Demaine, Erik D., Stefan Langerman, Joseph O'Rourke, and Jack Snoeyink. "Interlocked open linkages with few joints." In Proceedings of the 18th Symposium on Computational geometry, pp. 189-198. ACM, 2002
Figure 6a.
So it is even easier to arrange for two rigid chains to interlock.
One could reform the "wire loops" into thin ellipses, and treat them as 1D wires bent into the forms of the interlocked linkages displayed. Finally, expand one of these "wires" to a loop enclosing the other nearby wire. Then we have a way-overboard proof that two rigid loops can interlock, and so neither can pass through the other.
I think there are quite a few examples. Here is one that is the tip of a family of ideas.
Let's call the two wire loops $L_1$ and $L_2$.
I'll start by describing a slightly more pliable definition of what it means for one loop to pass through another. This can be done without too much technical detail, as we are moving our loops with rigid motions.
Fix an embedded spanning disc $D_1$ for $L_1$ and $D_2$ for $L_2$. As you move $L_1$ and $L_2$ by rigid motions, imagine doing the same rigid motion to $D_1$ and $D_2$.
The loop $L_1$ passes through $L_2$ (once) if, in the family of loops, any point on the spanning disc $D_1$ intersects the spanning disc $D_2$ transversely exactly once (through the motion). To make this definition fully general you'd need to bring in some transversality theory, but let's ignore that detail for now.
Example.
$L_1$ is a circle of radius 1, and $L_2$ is a "double wound" helix about another circle of radius 1, as in the picture. Basically this is a gimmick to make the loop $L_2$ behave as if it were a "thick" circle.

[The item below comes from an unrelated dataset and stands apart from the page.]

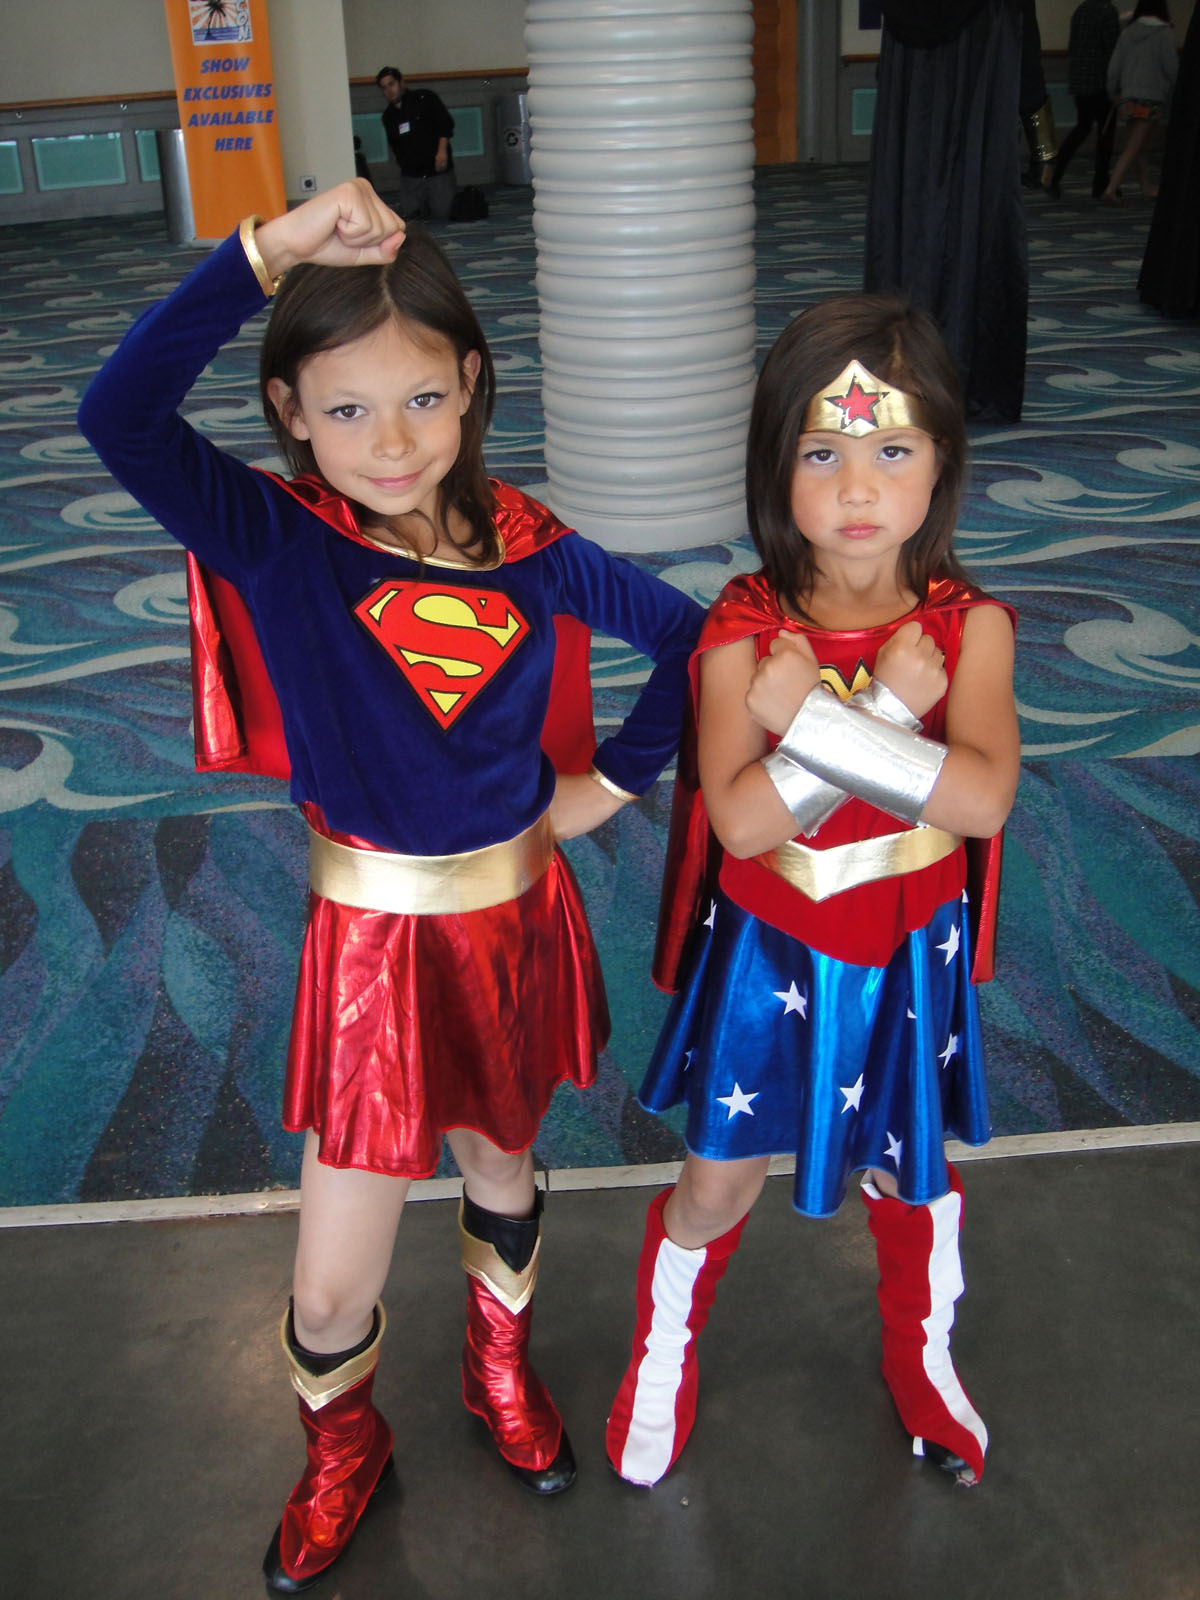 File:Long Beach Comic Expo 2011 - Little Supergirl and Wonder Woman (5648076391).jpg - Wikimedia ...

If you think about the rigid motions that put the loop $L_1$ so that its centre is on the spanning disc $D_2$, they either force $L_1$ and $L_2$ to intersect, or they link.
I hope that makes some sense.
This example makes me think you should also be able to come up with examples of loops $L_1$ and $L_2$ where $L_1$ can't pass through $L_2$, but $L_2$ can pass through $L_1$ $n$ times for some $n>1$, but not with $n=1$. i.e. to have one loop pass through another, it might have to do it multiple times, but it won't be able to do it just a single time.